** DATASET EXTRACT follows **
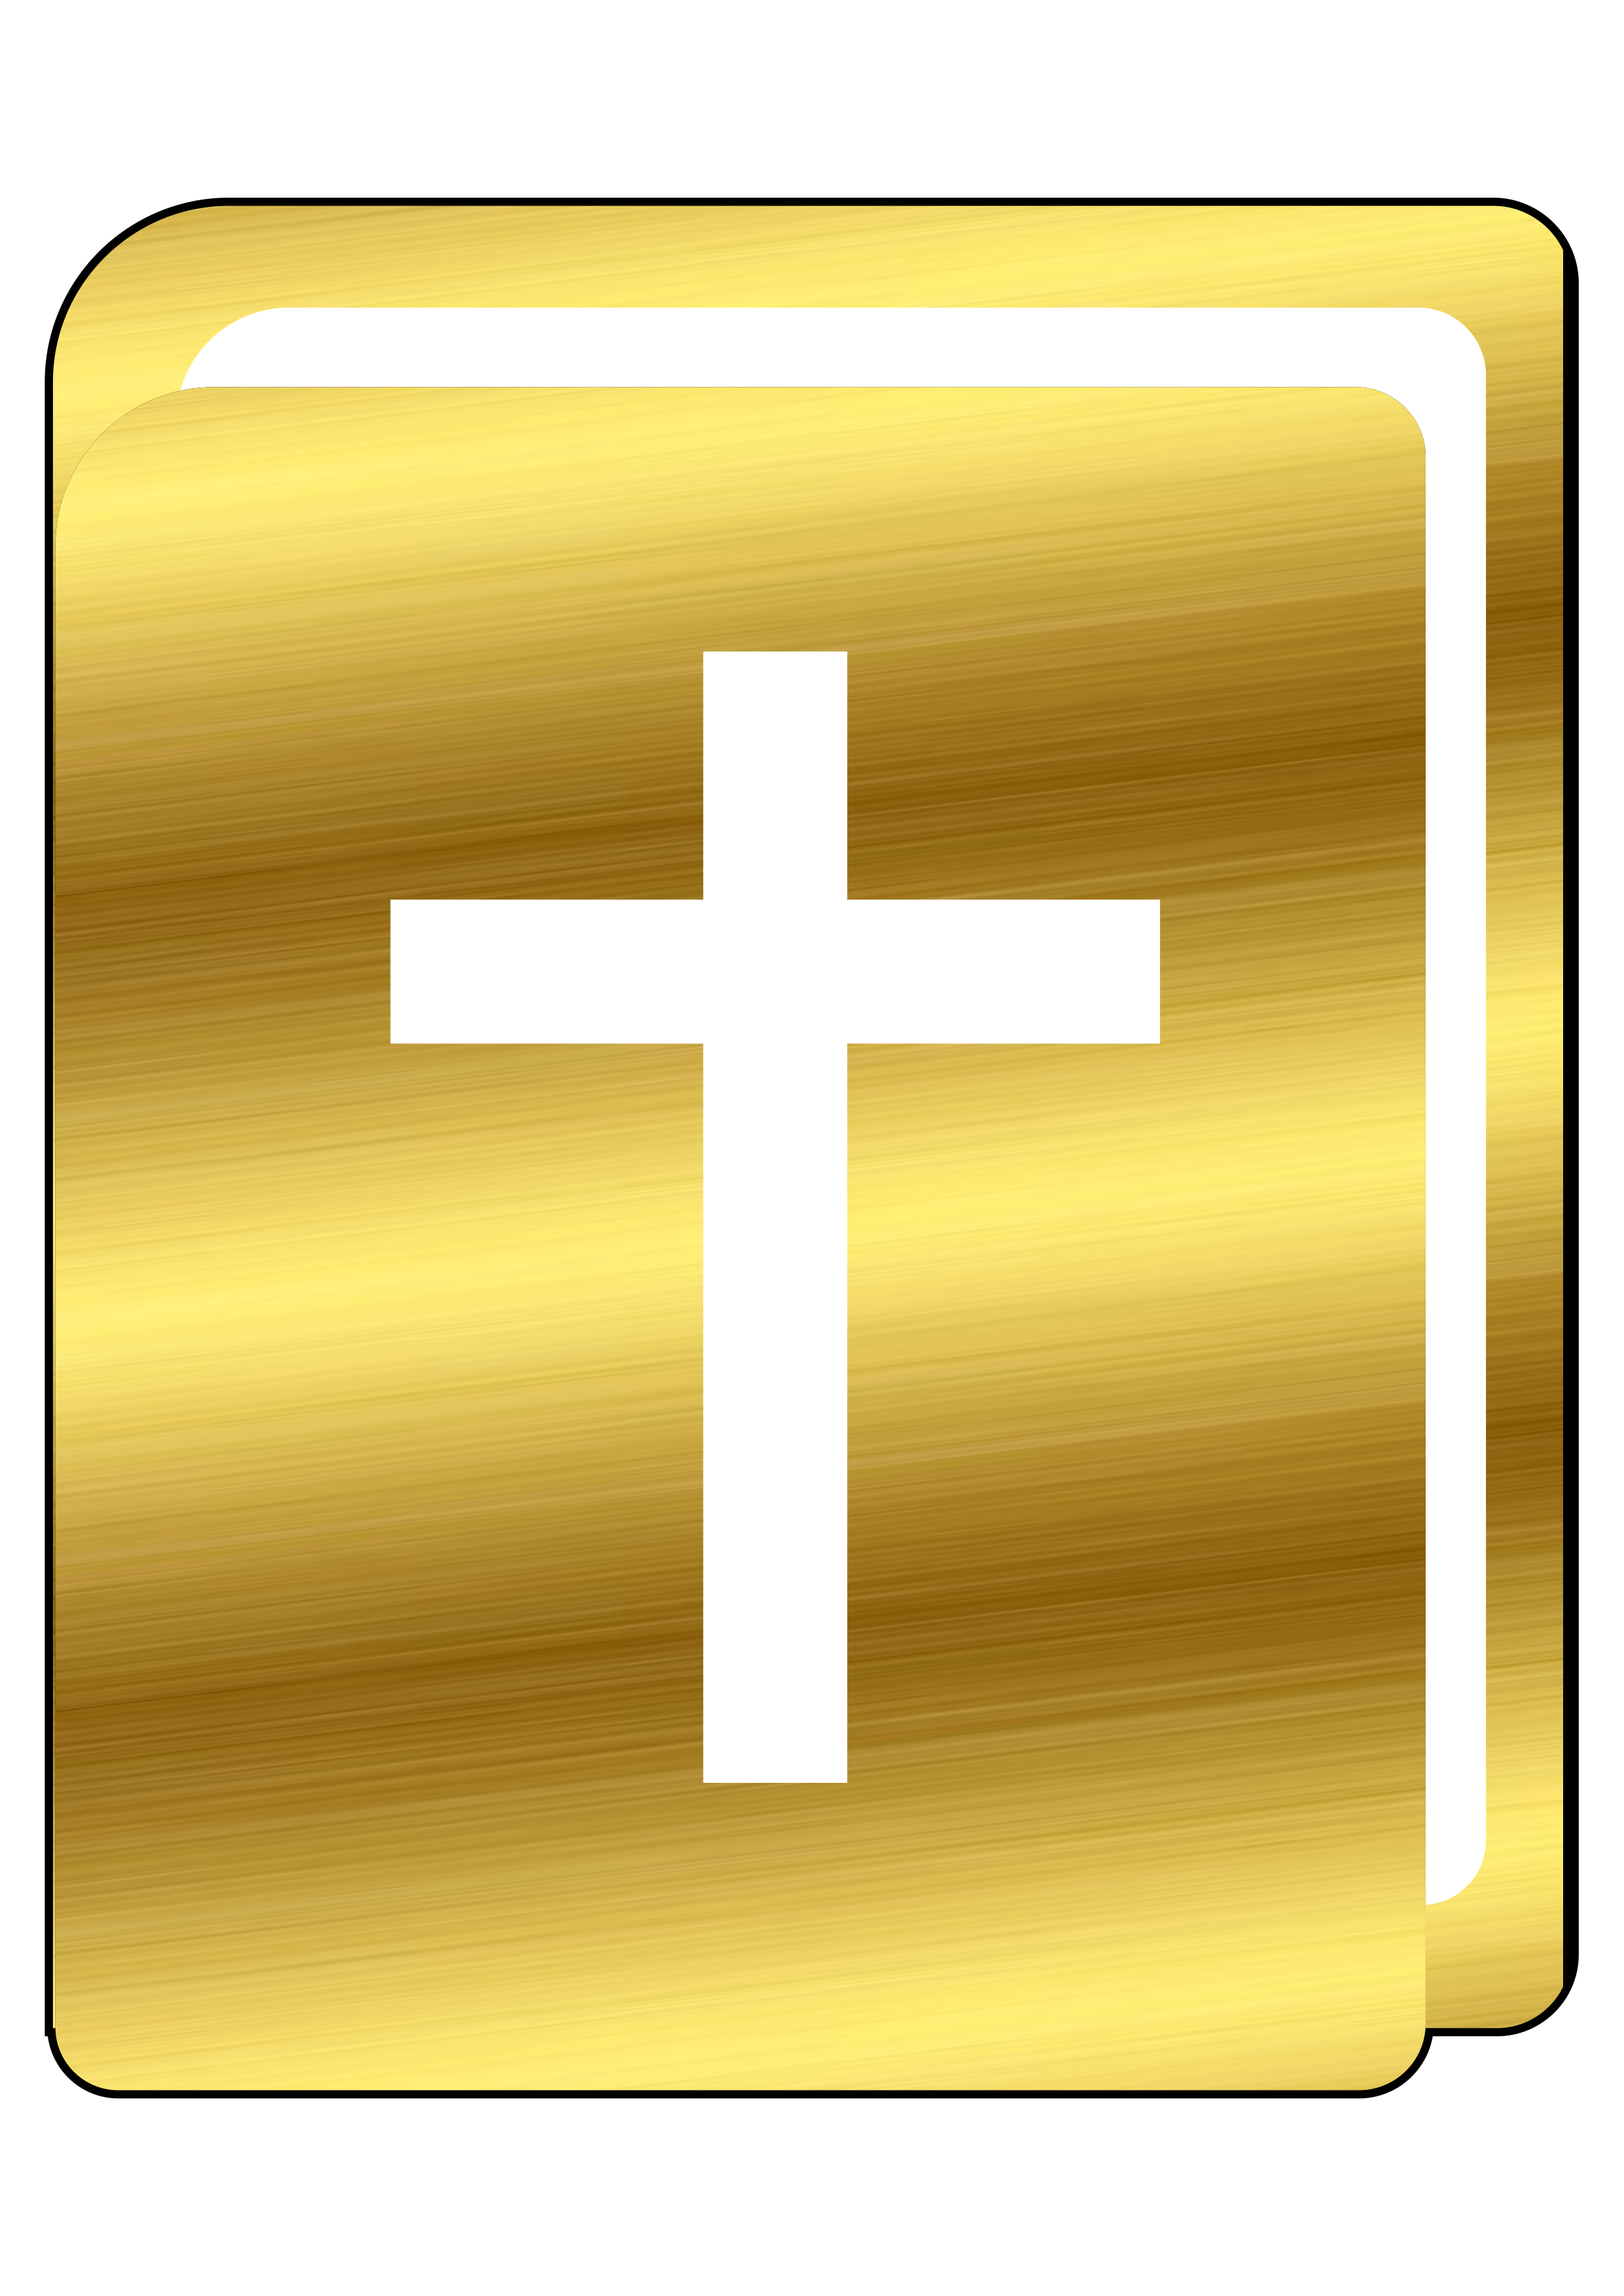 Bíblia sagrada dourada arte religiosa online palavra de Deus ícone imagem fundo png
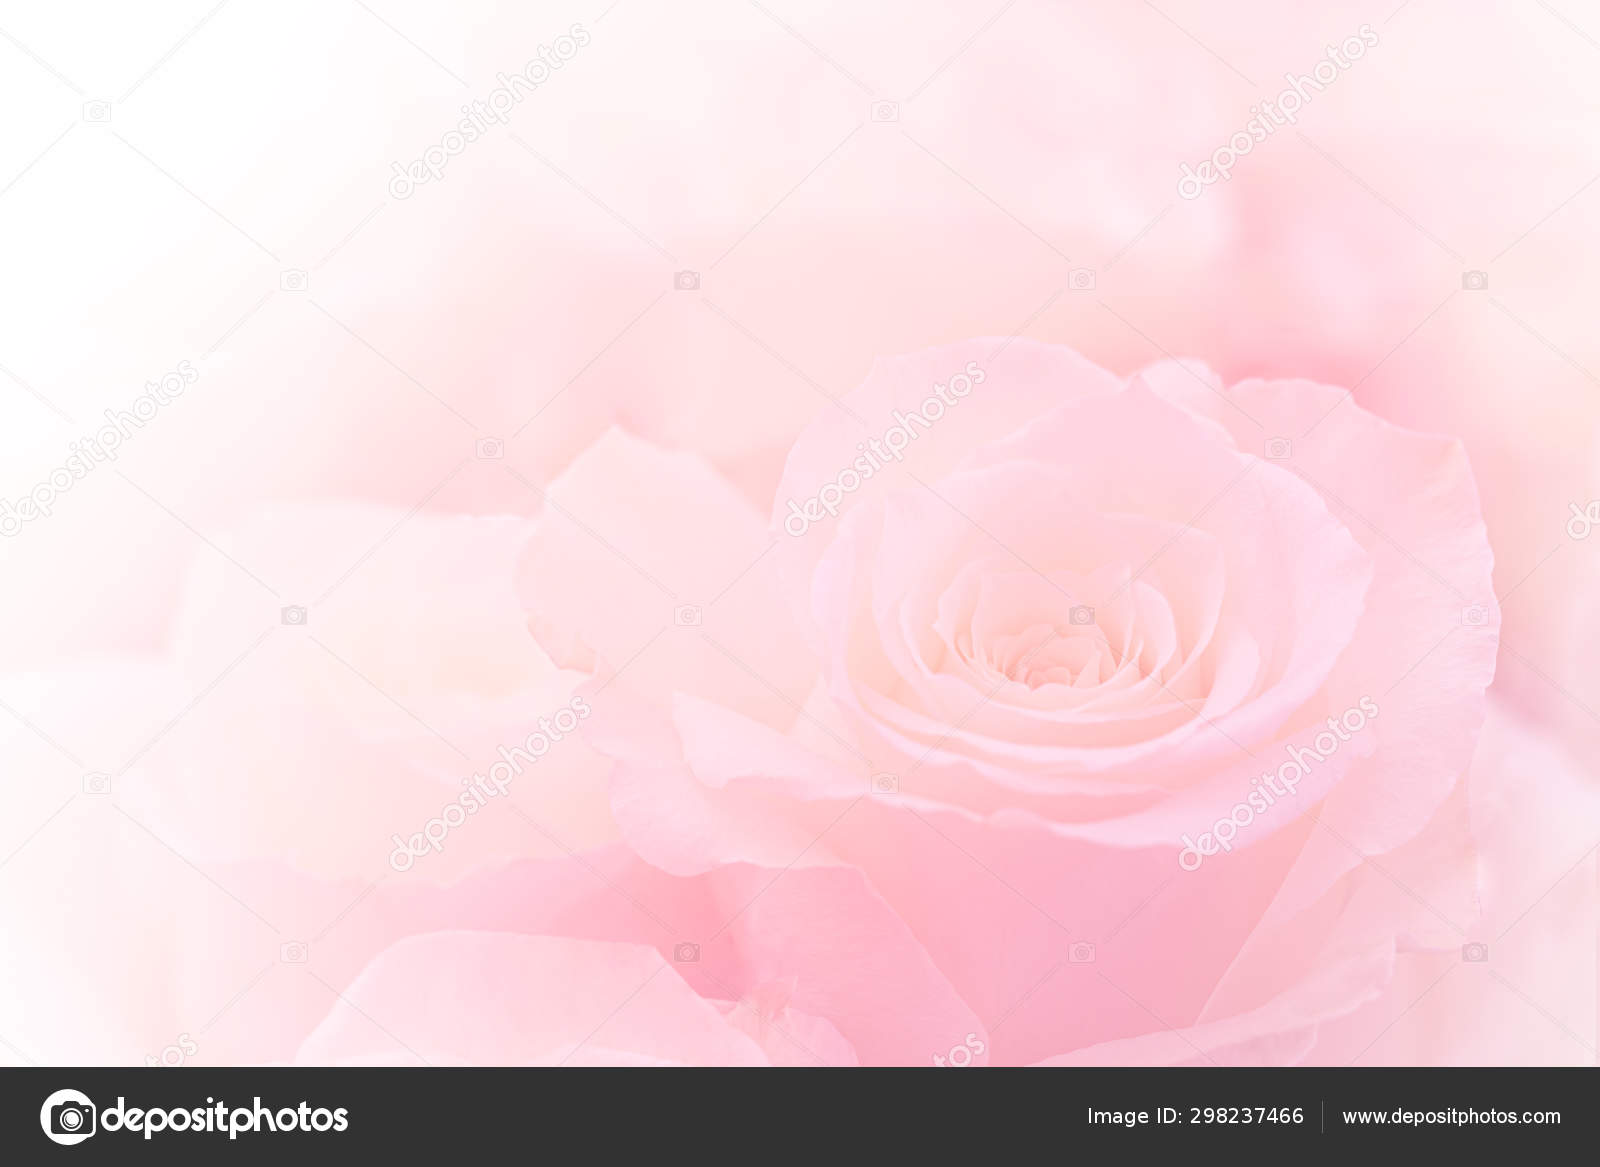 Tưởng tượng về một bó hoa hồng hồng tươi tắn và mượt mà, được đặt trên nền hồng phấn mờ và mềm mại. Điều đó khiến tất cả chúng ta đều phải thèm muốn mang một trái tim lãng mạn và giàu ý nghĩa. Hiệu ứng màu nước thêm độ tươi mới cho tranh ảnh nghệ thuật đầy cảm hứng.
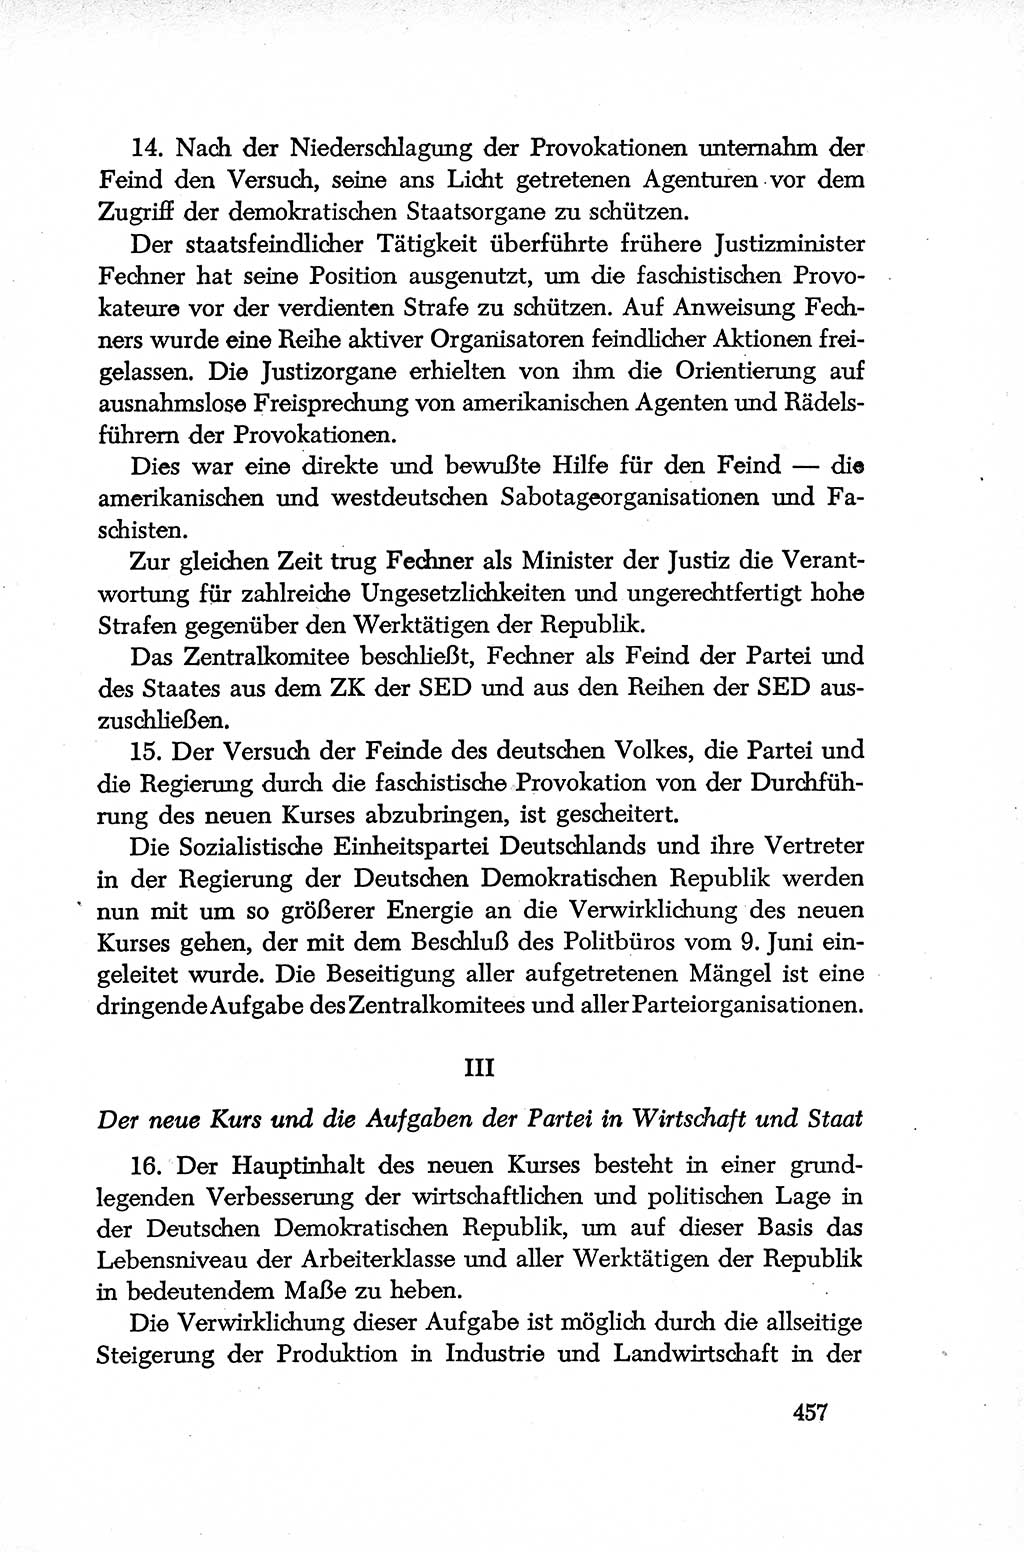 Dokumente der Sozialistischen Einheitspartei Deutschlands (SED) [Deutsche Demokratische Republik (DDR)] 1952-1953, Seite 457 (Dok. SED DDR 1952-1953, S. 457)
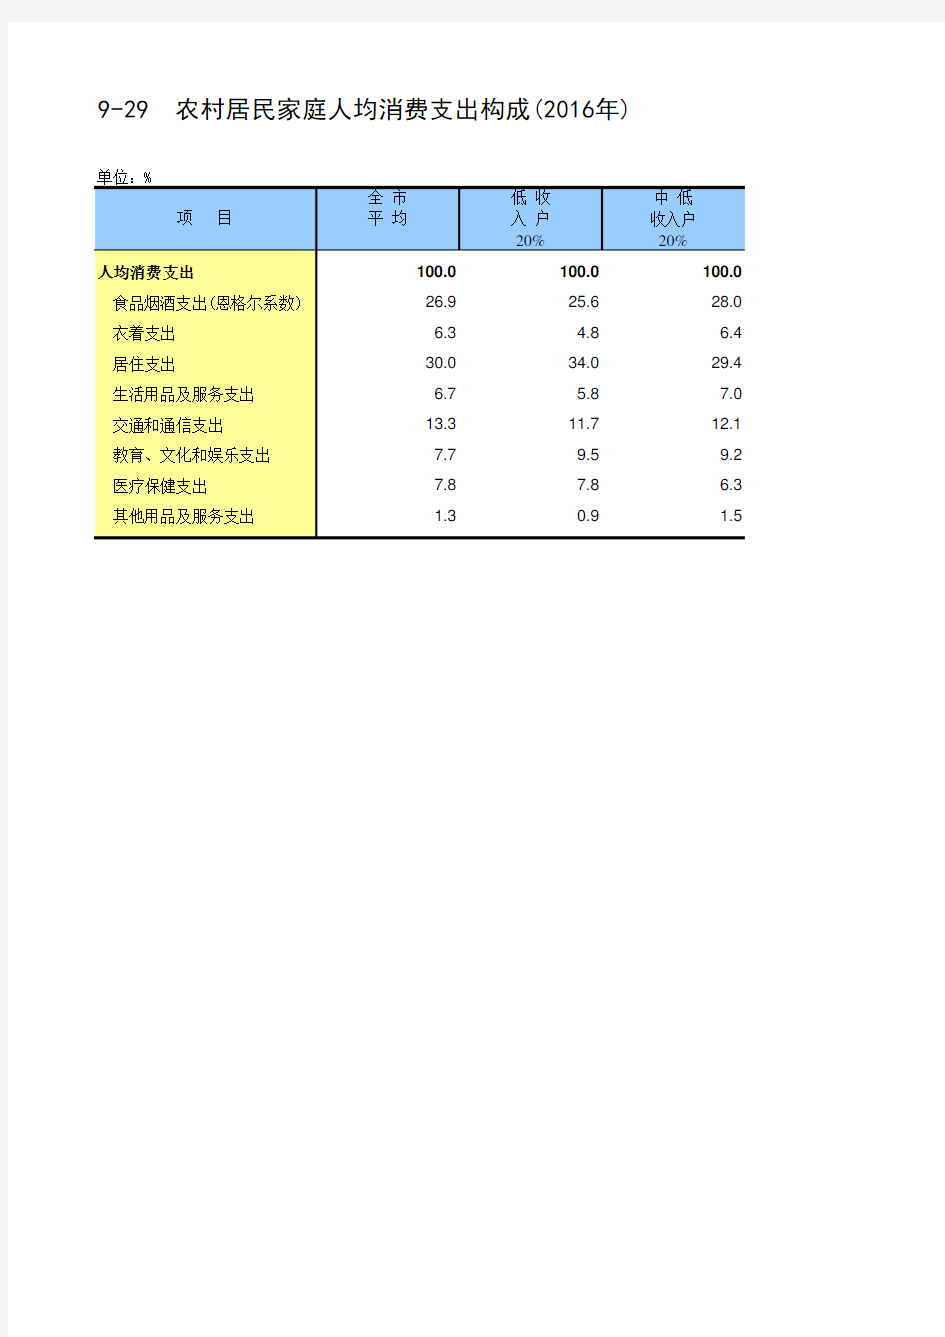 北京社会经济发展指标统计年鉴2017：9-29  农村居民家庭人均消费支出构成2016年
** End of DATASET EXTRACT **
▶ ASSIGNED TASK:
Each line above should be written out again unchanged; no images are to be carried over.

▶ YOUR SOLUTION:
 Bíblia sagrada dourada arte religiosa online palavra de Deus ícone imagem fundo png
 Tưởng tượng về một bó hoa hồng hồng tươi tắn và mượt mà, được đặt trên nền hồng phấn mờ và mềm mại. Điều đó khiến tất cả chúng ta đều phải thèm muốn mang một trái tim lãng mạn và giàu ý nghĩa. Hiệu ứng màu nước thêm độ tươi mới cho tranh ảnh nghệ thuật đầy cảm hứng.
 Dokumente der Sozialistischen Einheitspartei Deutschlands (SED) [Deutsche Demokratische Republik (DDR)] 1952-1953, Seite 457 (Dok. SED DDR 1952-1953, S. 457)
 北京社会经济发展指标统计年鉴2017：9-29  农村居民家庭人均消费支出构成2016年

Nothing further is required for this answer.